What are people thinking on Halloween giving out boxes of raisins? We kids didn't want little pellets of dried fruit, we wanted to chips & candy corns & chocolate bars! It's an atrocity! That's it, I've convinced myself, this year all the kids that come to my door get prunes! Can you imagine? Kids parent's would be sending in letters to the editors about that freak & her husband in the yellow house giving out compost-matter!


As I was eating the raisins & realising that they really weren't any good, I started to pick my nose.
Yes, looking back, eating & picking simultaneously is pretty gross...I don't think I would do it again.
From there, I got the phenomenal idea to really test out how big my nostril was, I stuck in a small raisin. I don't know why but this prospect was really entertaining to me. I could sneak around the house all the while knowing that I had a concealed fruit in my nose & no one would be the wiser.
I pulled that raisin out & DID NOT eat it (I can't remember if i put it in the garbage or fed it to the dog. Poor dog). I repeated the raising in nose process a few more times which is what is really mind boggling to me.
I distinctly remember knowing that if dad & MaryAnne knew, they would be mad, but I couldn't stop doing it, the raisins getting bigger & bigger until...oh figs... the big raisin wasn't coming out.

Telling poor dad & embarrassing him in front of Biker Buddy was believe it or not, not my first choice. I sat there for what seemed like forever trying to pick it out, but I was only succeeding in pushing it further in with the tips of my useless, small-child fingers. I started to panic. I think I started to cry at which point, well now's a good a time as any to go out & tell dad.

Remember this was a while back, so the details of his reaction are a bit foggy. He did not yell or cuss as I might have expected his reaction to be. He lifted me over his knee to look inside my nose where the raisin still sat up there by my eyeball.

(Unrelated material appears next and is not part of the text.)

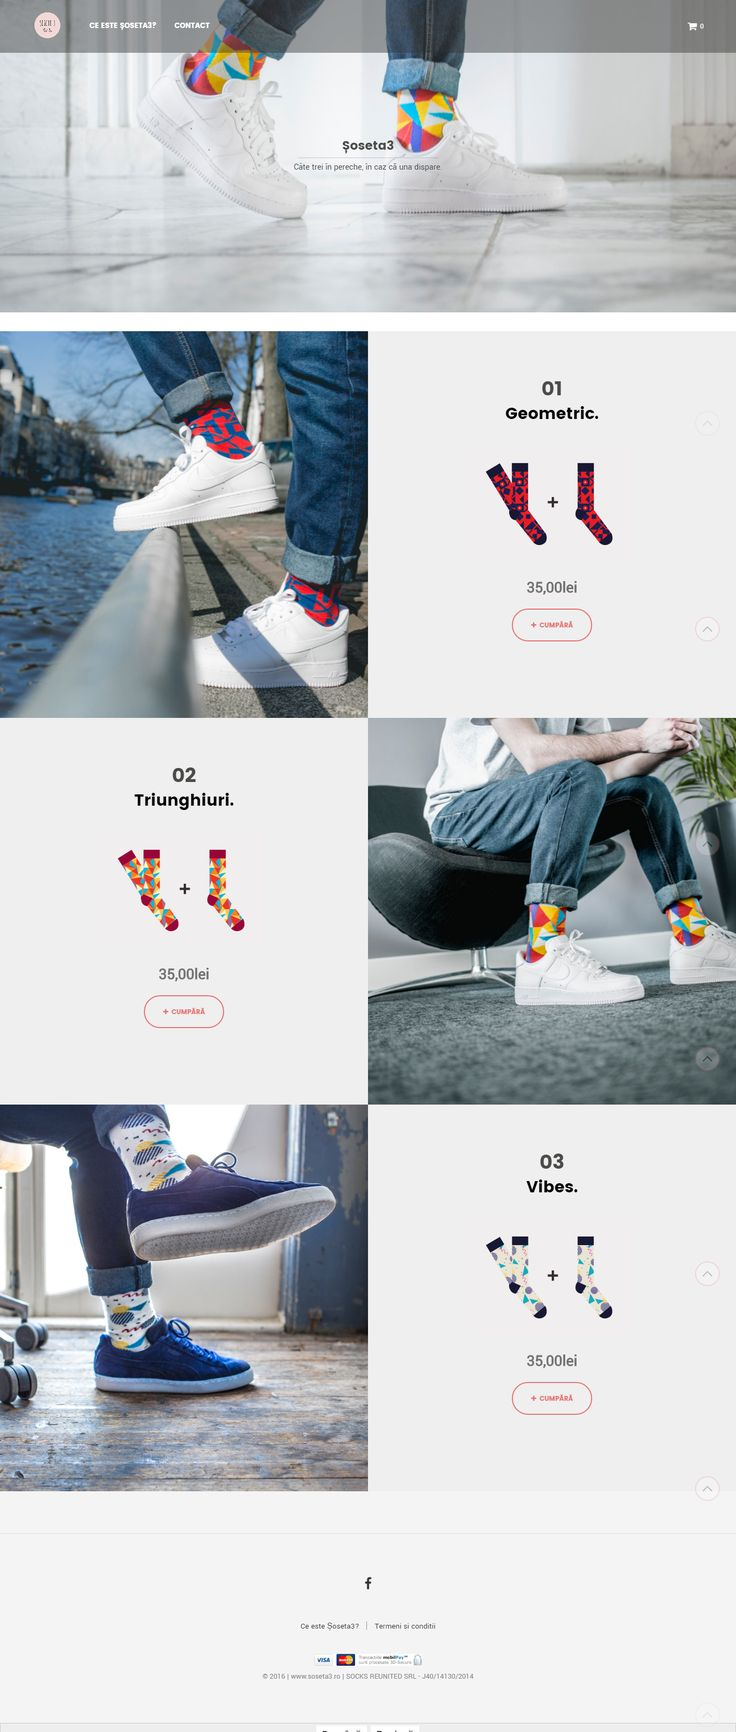 A funky socks shop created using Shopkeeper theme for WordPress http://themeforest.net/item/shopkeeper-responsive-wordpress-theme/9553045?&utm_source=pinterest.com&utm_medium=social&utm_content=soseta&utm_campaign=showcase #onlineshop #ecommerce #socks #clothing #webdesign #UX

He & Biker Buddy conferred for a moment...then they call MaryAnne.

I'm not too sure what MaryAnne suggested. What I do know is that once the call was completed, dad was on me trying to get my jacket on, telling me that we were going to the hospital. THE HOSPITAL? Ahhhhh hell no! Yeah, that's a real medical emergency there PARENTS. What a rookie call. Just saying, if Mr. Ford & I ever have kids & they stick things up their nose, I'm gonna be the 'lets just wait it out' parent. The way I see it, there's no point calling in the national guard because a soft piece of fruit is in a child's nose.


What I'm getting at is i felt the same way back then as & do now. I wasn't going to no hospital & I told dad that as I went & hid under the bed.
That being the case, dad got back on the phone with MaryAnne, who in turn went to her boss & told her she had to go home...because her daughter crammed something up her nose & it got stuck.

Now I know you all are worried that the raising somehow got up my nostril, in to my brain & caused me to have half of my face amputated, but MaryAnne came home & picked the raisin out of my nose, piece by piece with some tweezers, the rest came out when she held a Kleenex to my face & instructed me to blow.

Two lessons to learn from this experience:

1. Parents, calm the eff down, they're not going to die. You are the cause for hospitals being over-crowded & people dying in waiting rooms. Learn to be a Google doctor because I can all but guarantee that your kid is not the first to do anything. To prove my point, here is a link to the most common 'nose ingestibles' for kids. Raisins isn't on there by the way...I must be a super-smart & creative toddler genius.

2. Nothing should go in your nose besides your fingers.


2 comments:

  1. I put a bean up at nose when I was 8, and had to get it suctioned out at the hospital.

    Also, I LOVE Hyperbole and a Half. I routinely talk to my dogs like what her dogs hear "sorsippy boobooboo?" I hope she comes back to blogging soon.

    Shit. Why is my username HBurb.

    - Pringles, Kricket and Jules' Mama

    ReplyDelete
  2. My first comment!!!!! I'm so glad someone else likes hyperbole. Mike bought me a tshirt from her blog that I love but no one else seems to have heard of it. They also ask what the yellow cone on top of the girl's head is.